To avert such a crisis and reduce the danger of war, policy-makers in all three capitals—Washington, Beijing, and Taipei—must take steps to stabilize cross-Strait relations and eliminate potential flash points. This is a complex agenda and involves many components, but, at the very least, it must include efforts to minimize the risk of unintended escalation through the adoption of mutual limits on the scale of military maneuvers in contested areas and rules governing the allowable distance between ships and planes of the contending sides.
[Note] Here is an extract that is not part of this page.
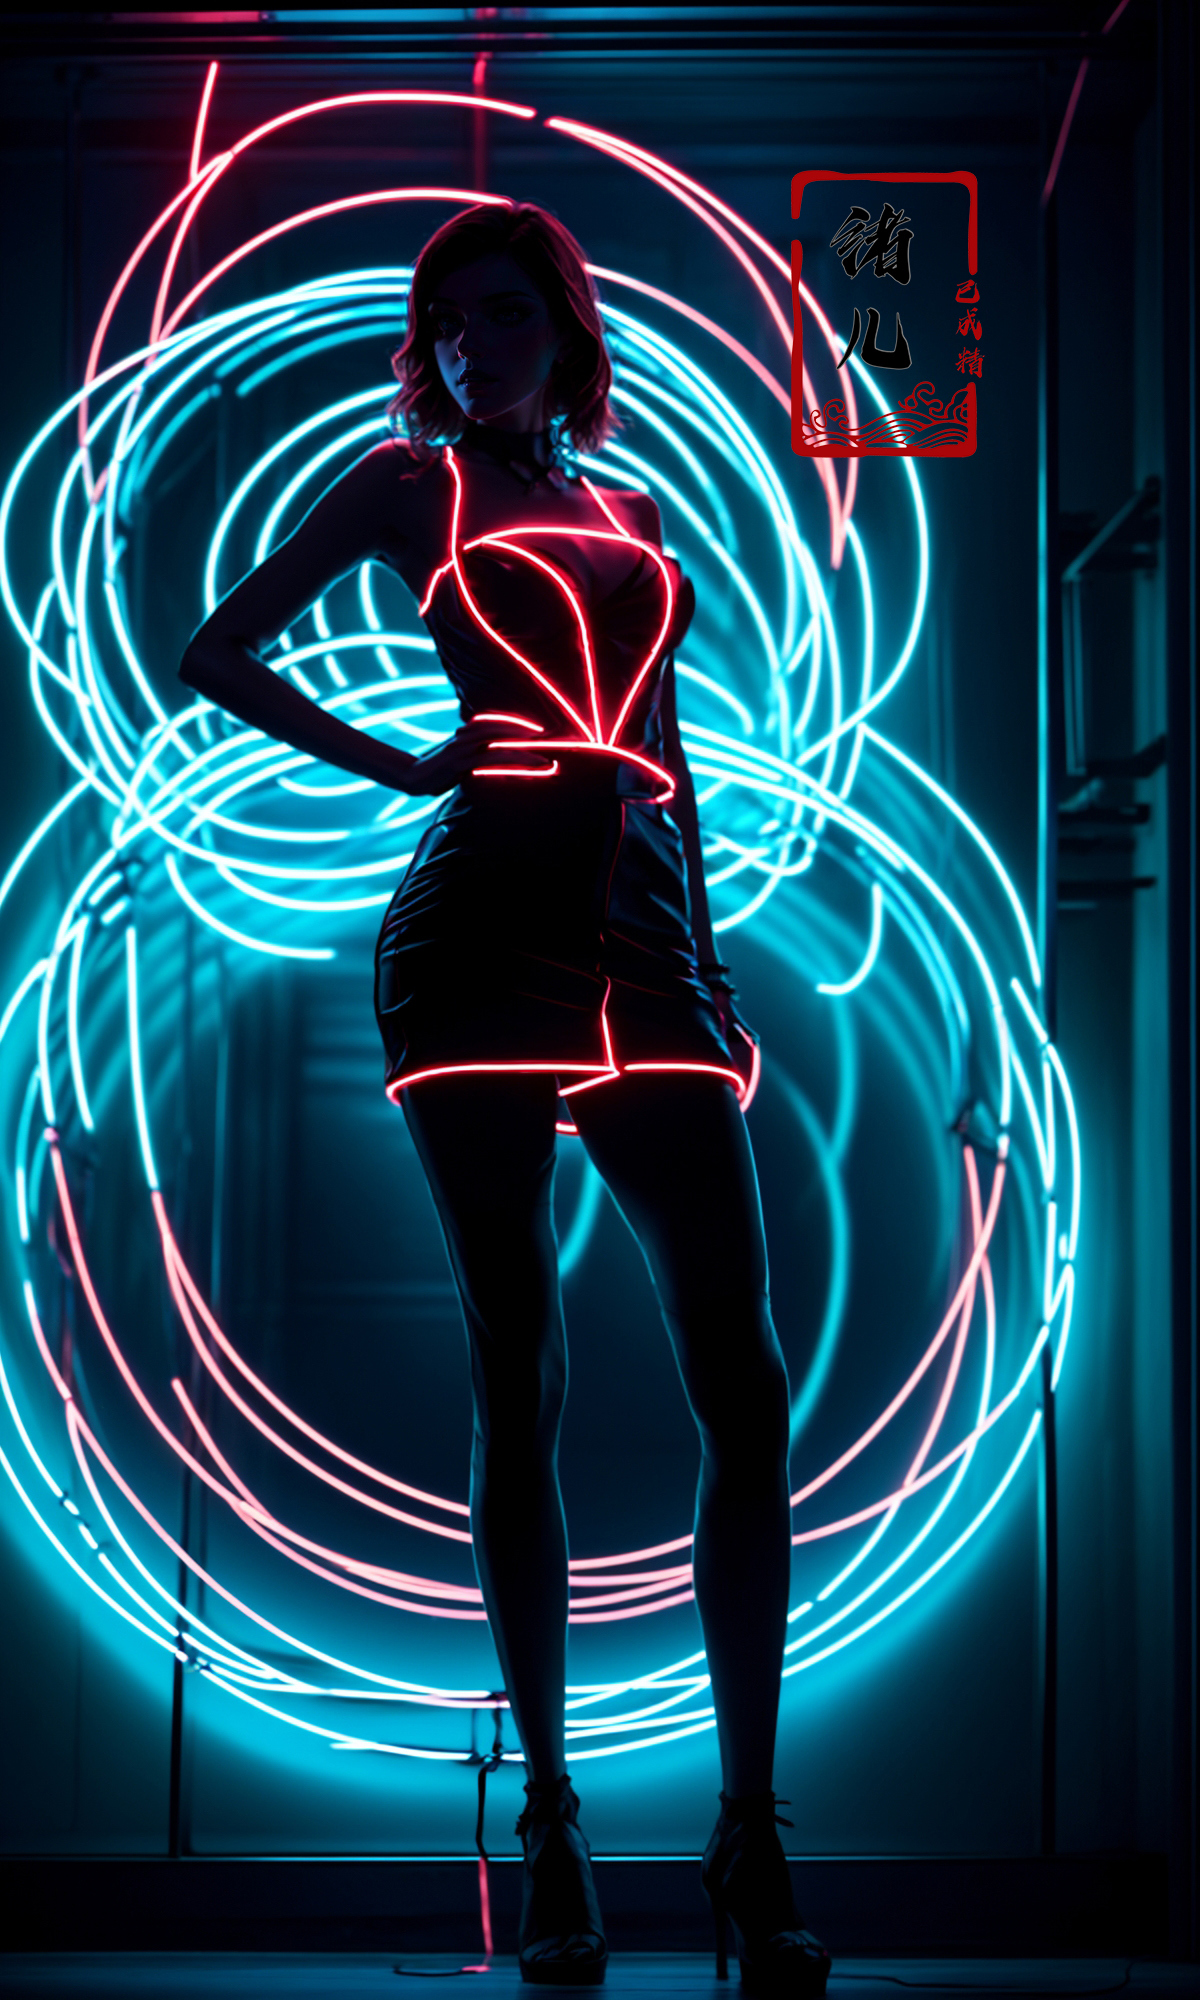 绪儿-霓虹灯光影 Neon light image by XRYCJ
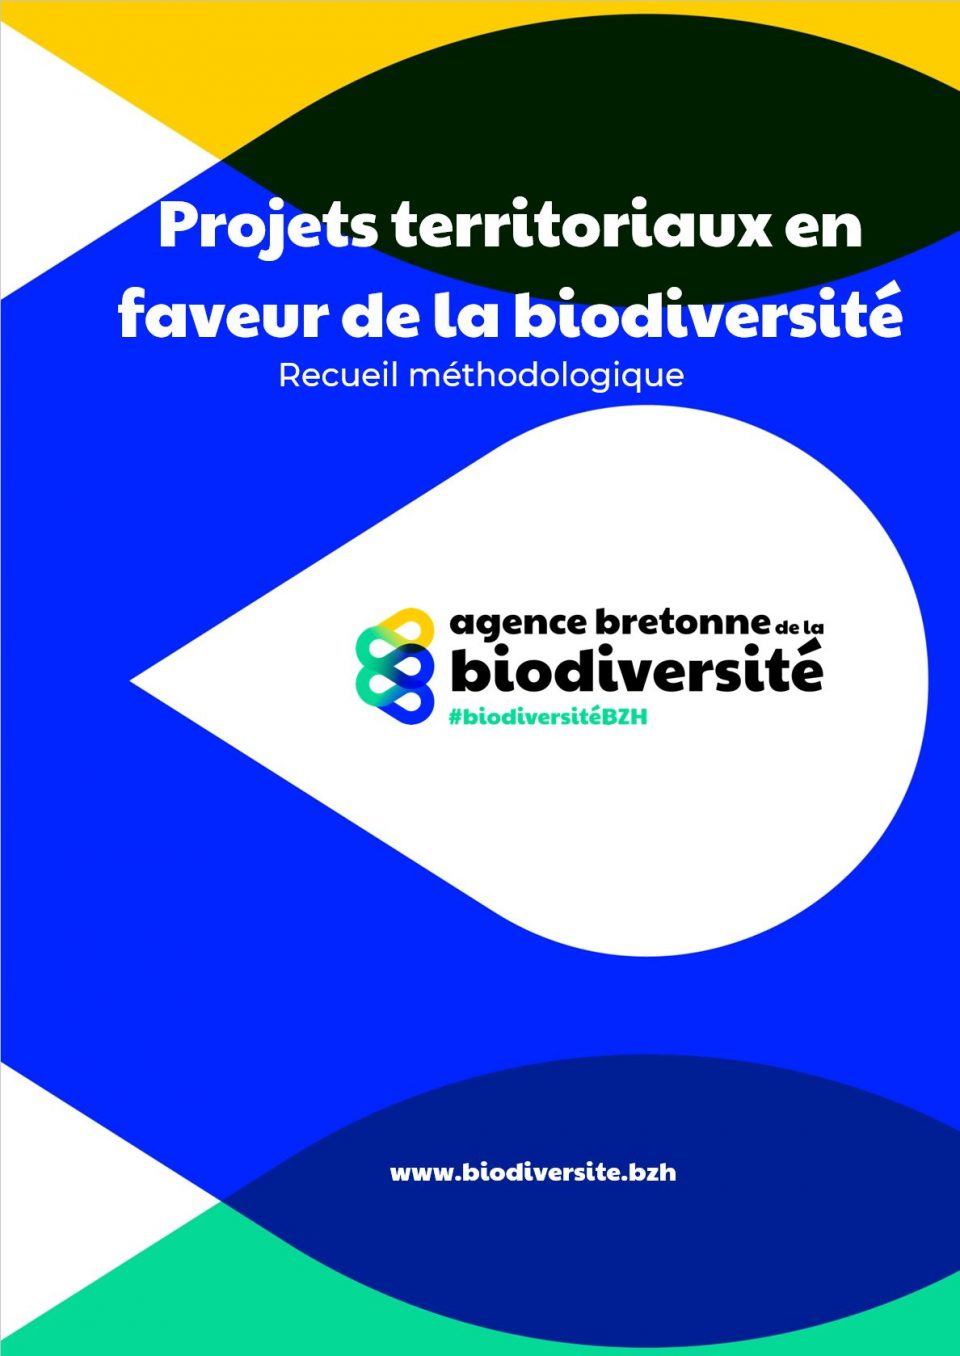 Convention multipartenariale pour l'acquisition de données de biodiversité: l'exemple de Lannion-Trégor Communauté

To further reduce the risk of miscalculation, the use of dual-capable aircraft, such as B-1, B-52, and H-6 bombers, should be prohibited in such exercises.
Ultimately, the resolution of the Taiwan issue will have to be determined by the Taiwanese people themselves, in consultation with their counterparts on the mainland. From a peacemaking perspective, the ideal solution would be one in which Taiwan acknowledges some sort of association with the mainland while retaining its existing political system, and China pledges to honor the arrangement and eschew the use of force to alter it. This will require arduous negotiations between Taiwanese and Chinese officials, but it should be possible to hammer out a “win-win” outcome in which both sides achieve their basic objectives. Once this has occurred, the United States could scale back its military presence in the Western Pacific and refrain from aggressive military maneuvers there.
In the hope that such an outcome can someday be achieved, progressive activists should call on the president and their representatives in Congress to oppose any change in the One China policy governing Taiwan and foreswear any guaranties of automatic US military intervention in the event that Taiwanese leaders take impetuous moves that could risk a Chinese military response.